- Requirement: The answer is the full listing below, copied exactly, with its pictures omitted.

- Source material:
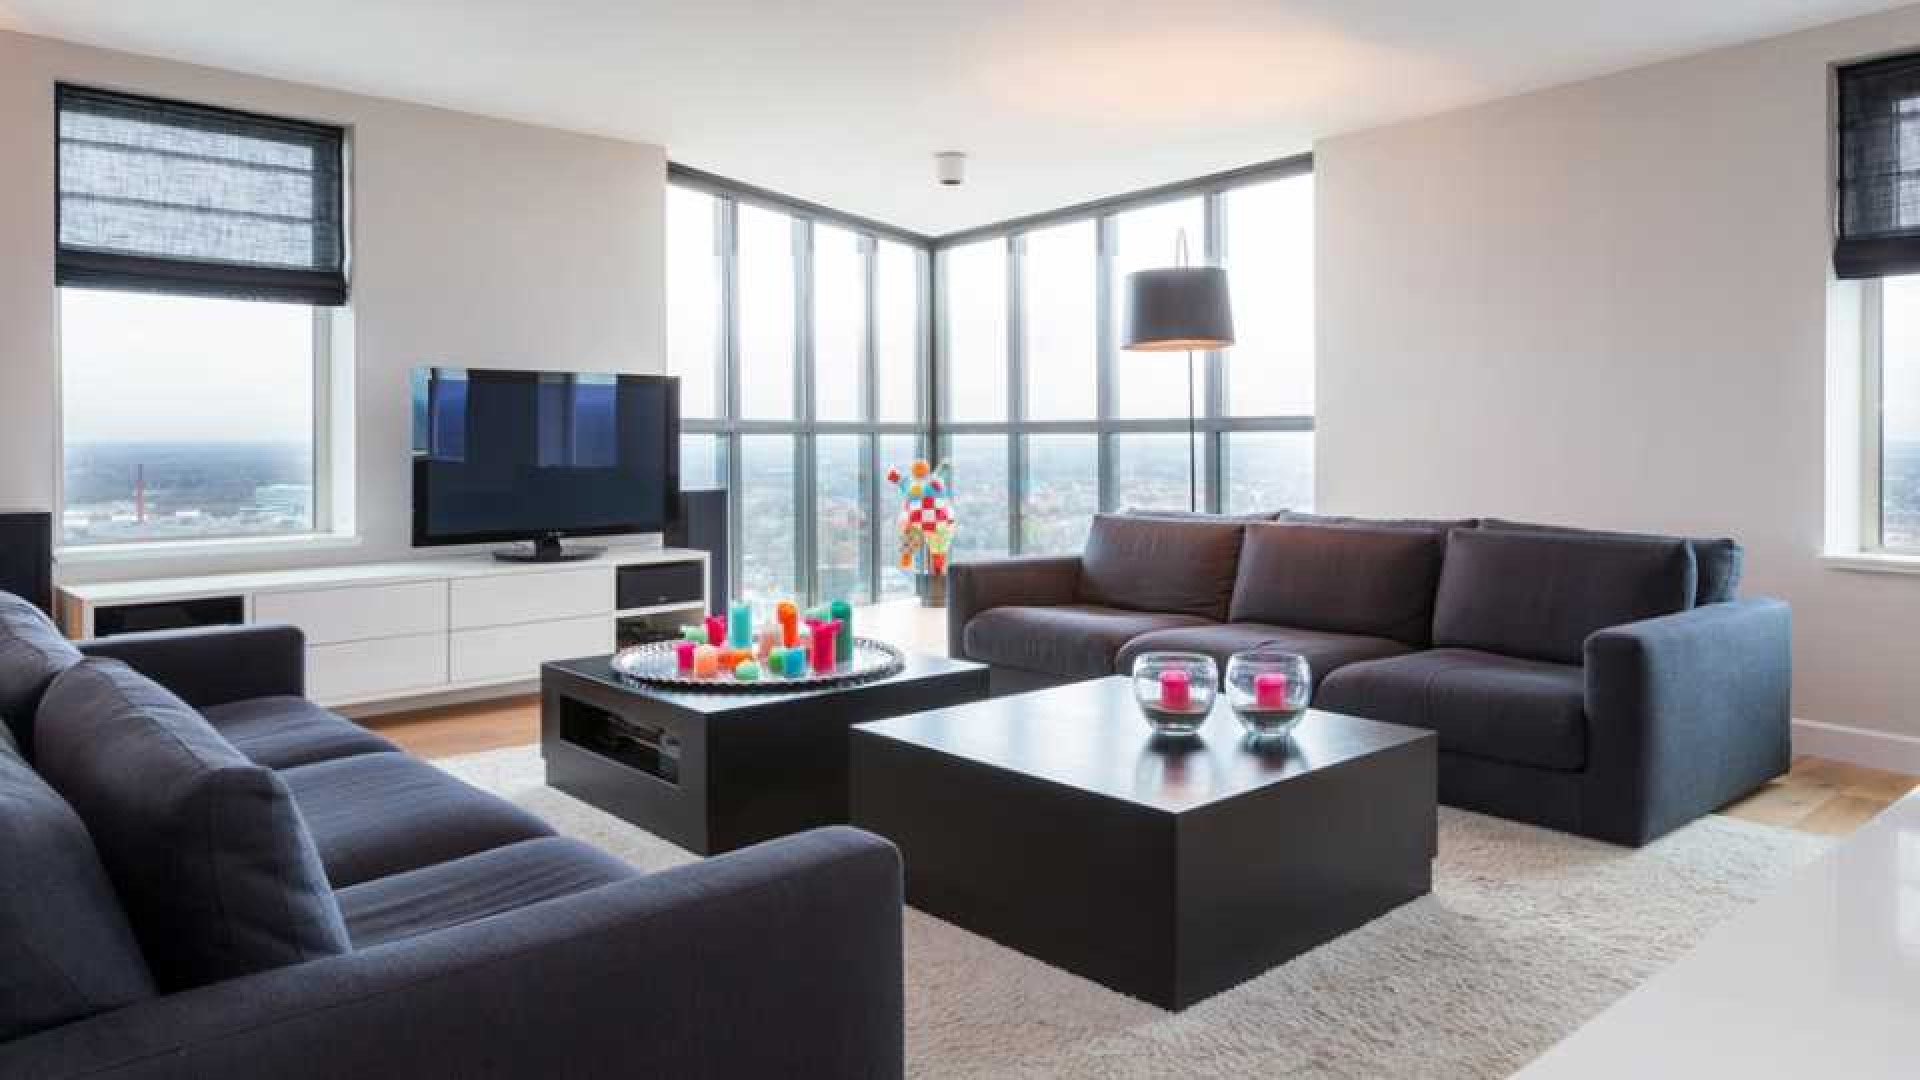 Amanda Krabbe en haar man Harrie Kolen zetten hun luxe penthouse in stille verkoop. Zie foto's 1
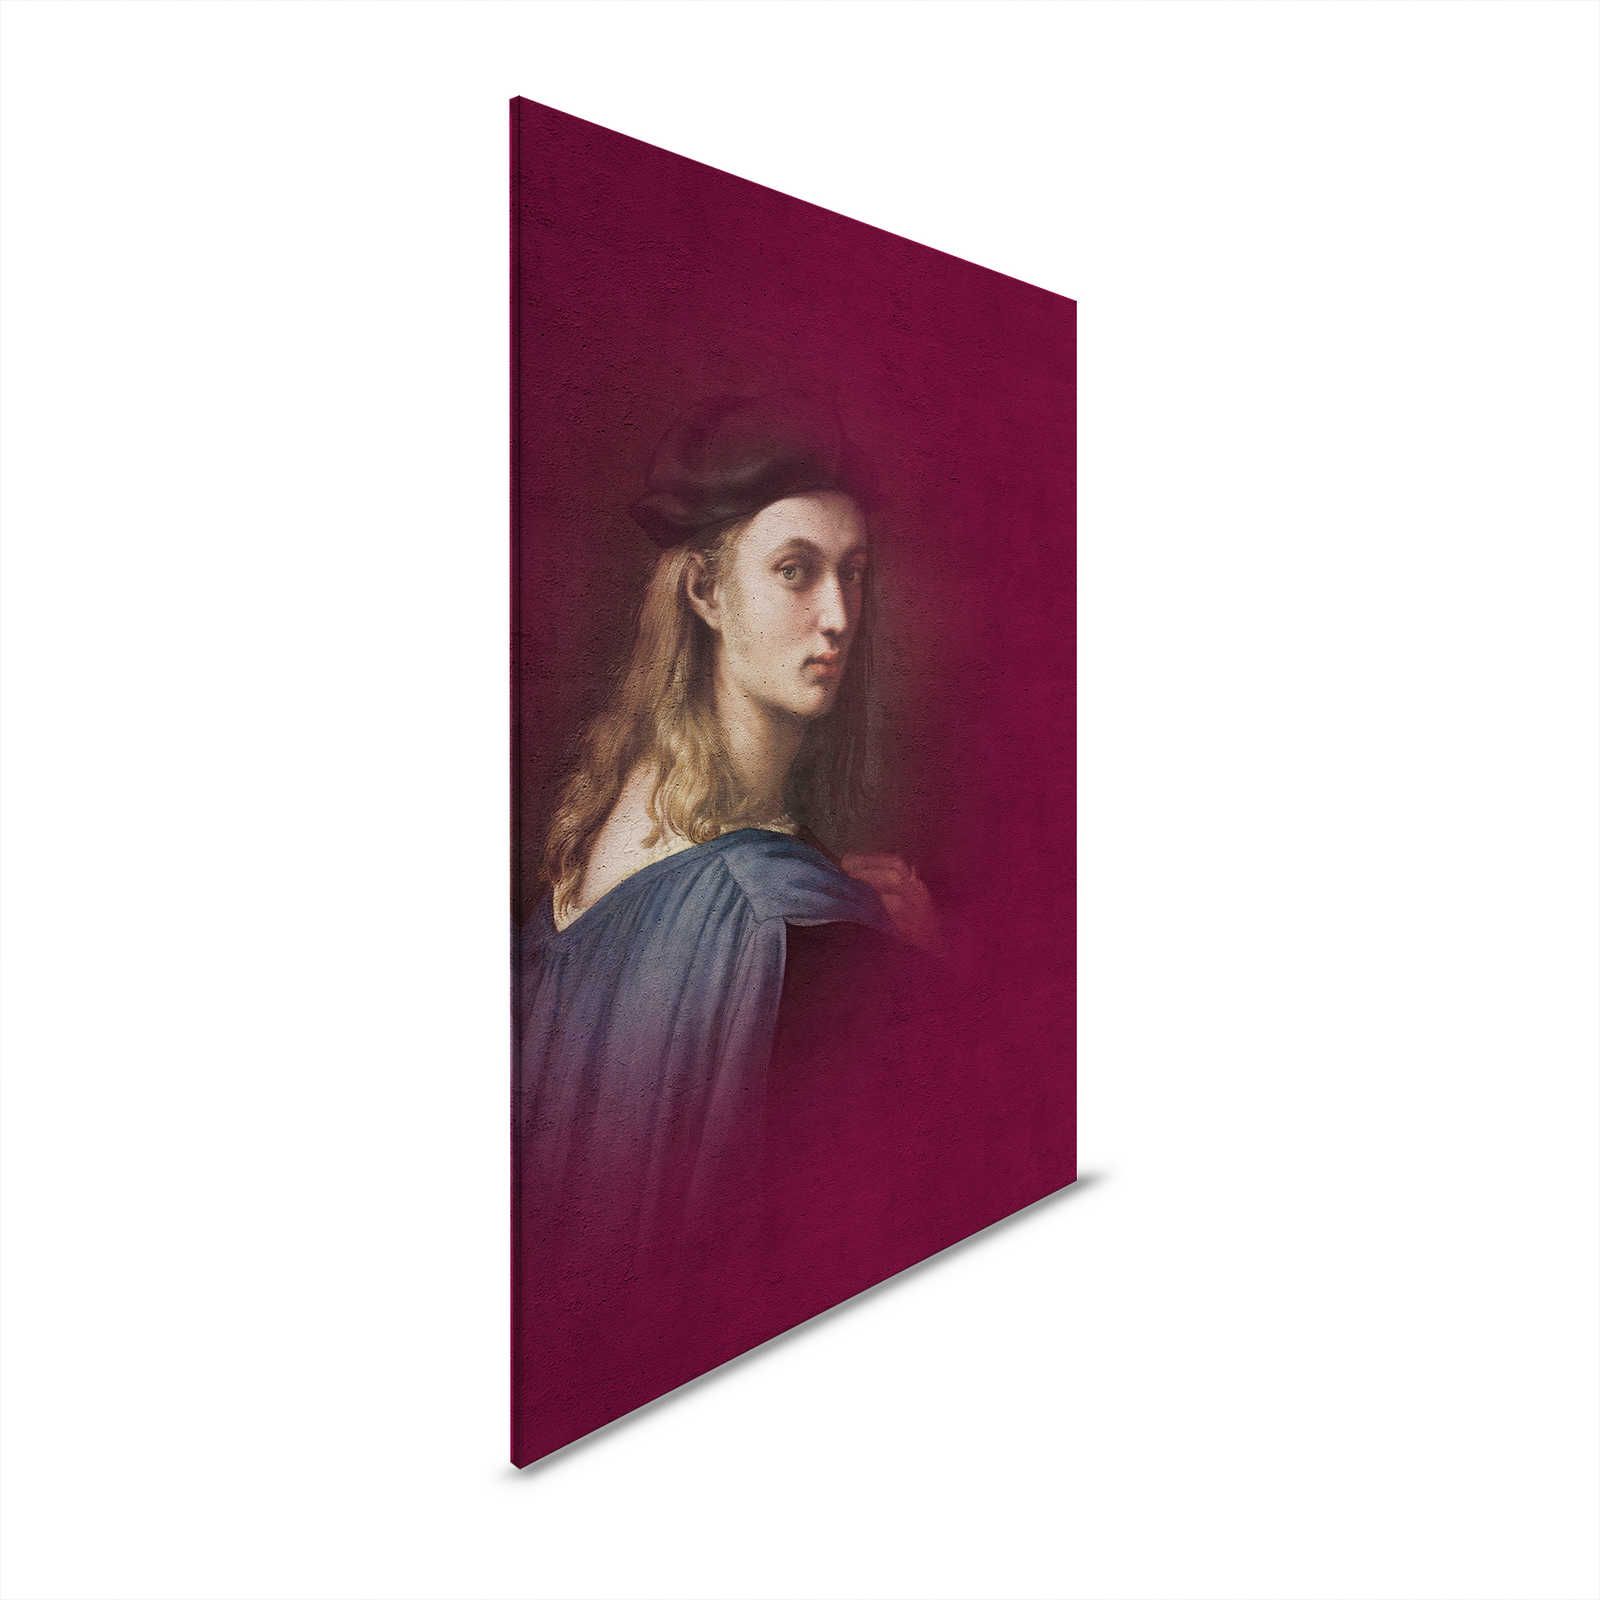 Canvas schilderij klassiek portret jongeman - 0,80 m x 1,20 m
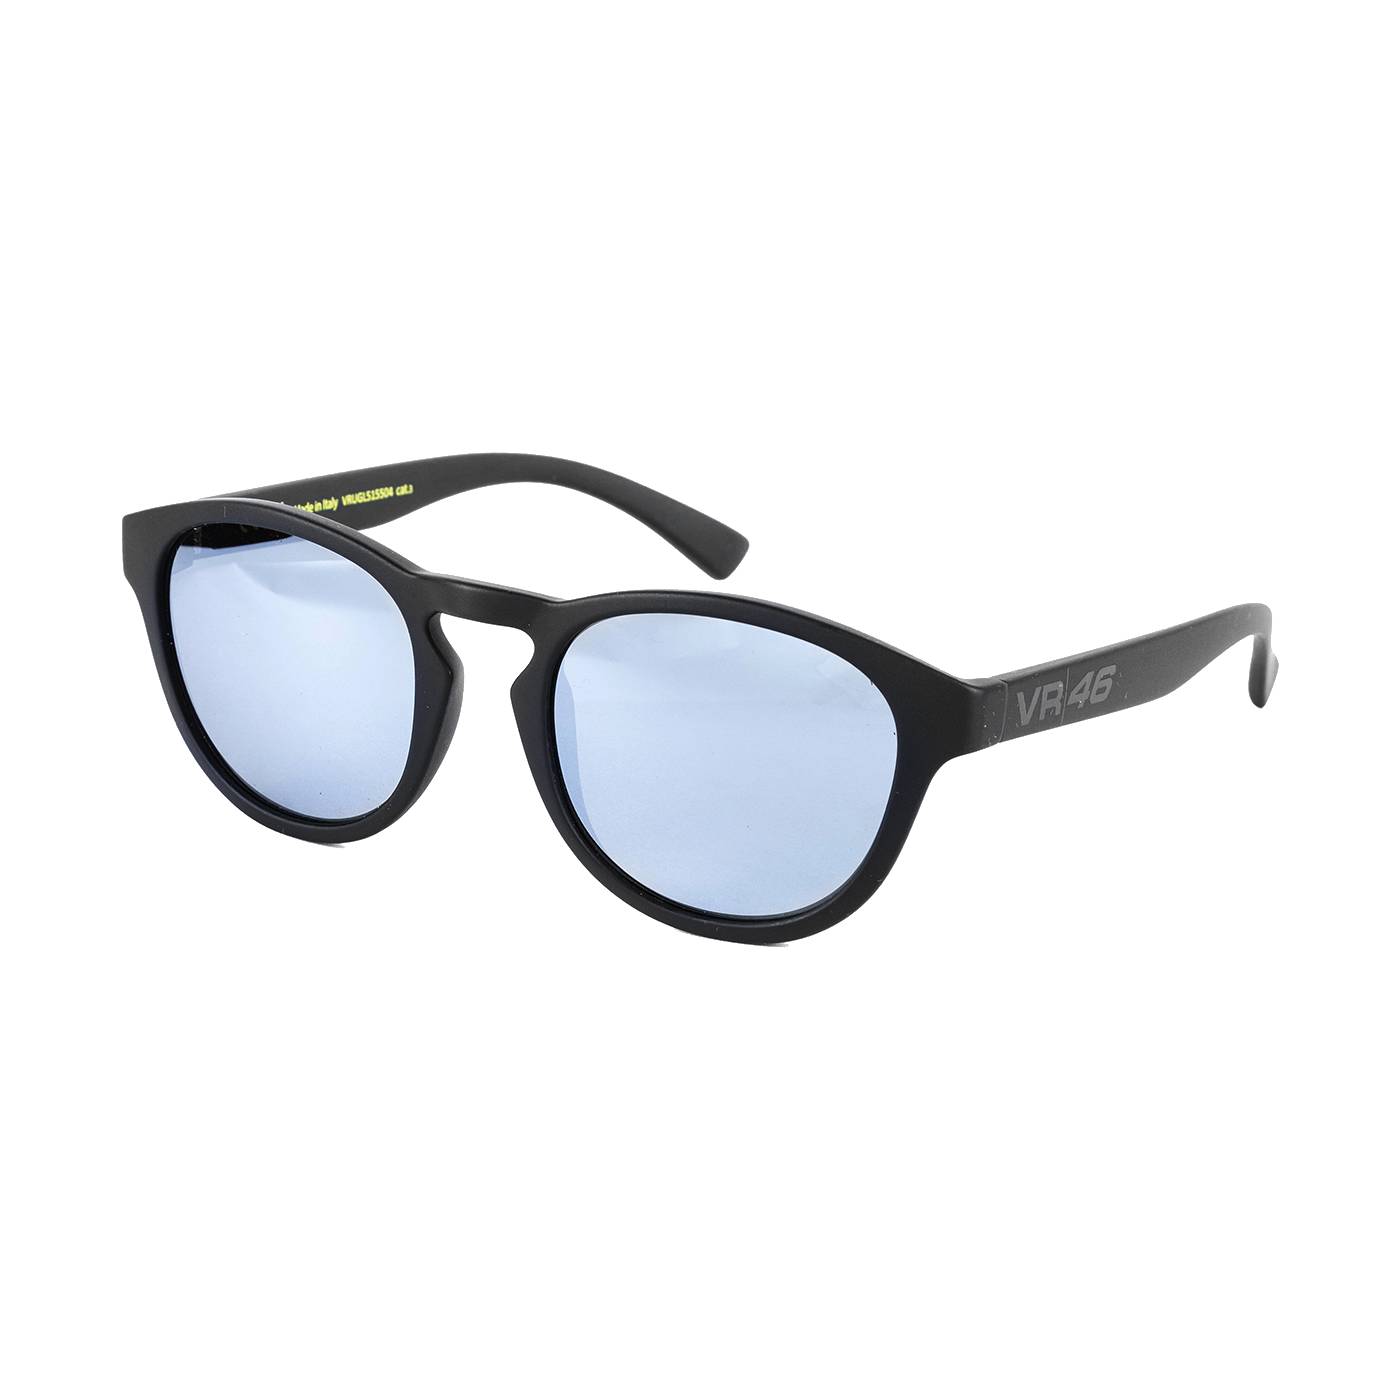 Valentino Rossi Sonnenbrille "Sprint" - schwarz
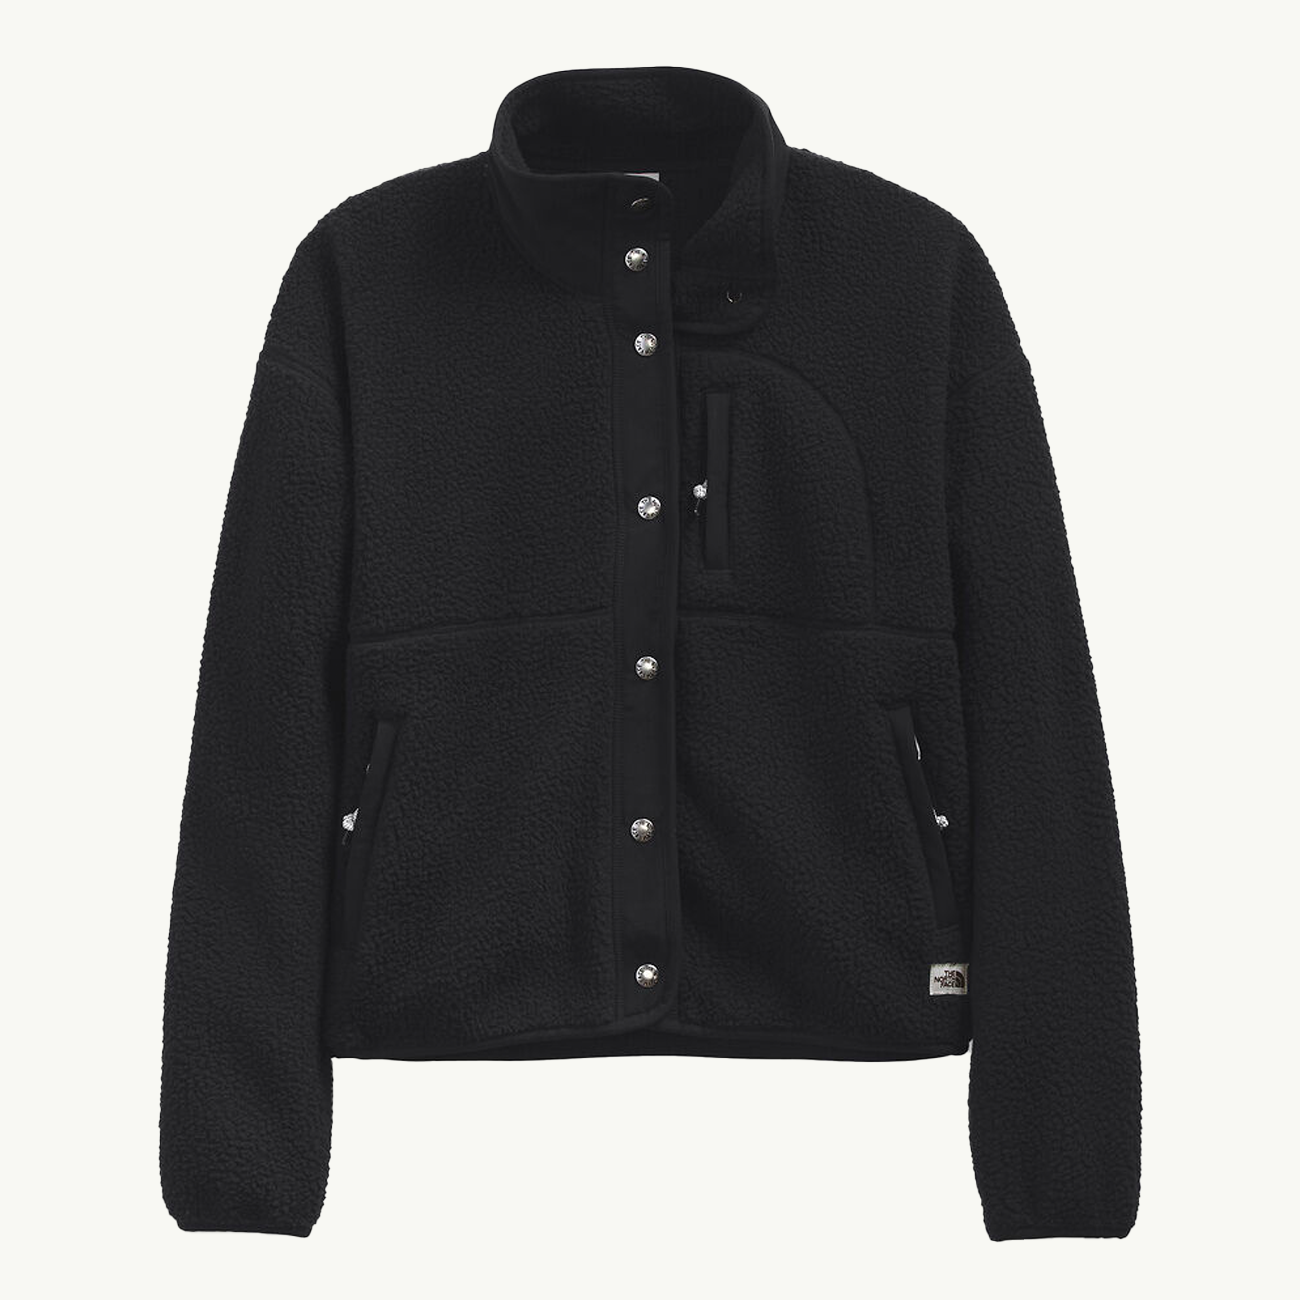 Women's Cragmont Fleece Jacket - TNF Black

- Expected answer:
 Amanda Krabbe en haar man Harrie Kolen zetten hun luxe penthouse in stille verkoop. Zie foto's 1
 Canvas schilderij klassiek portret jongeman - 0,80 m x 1,20 m
 Valentino Rossi Sonnenbrille "Sprint" - schwarz
 Women's Cragmont Fleece Jacket - TNF Black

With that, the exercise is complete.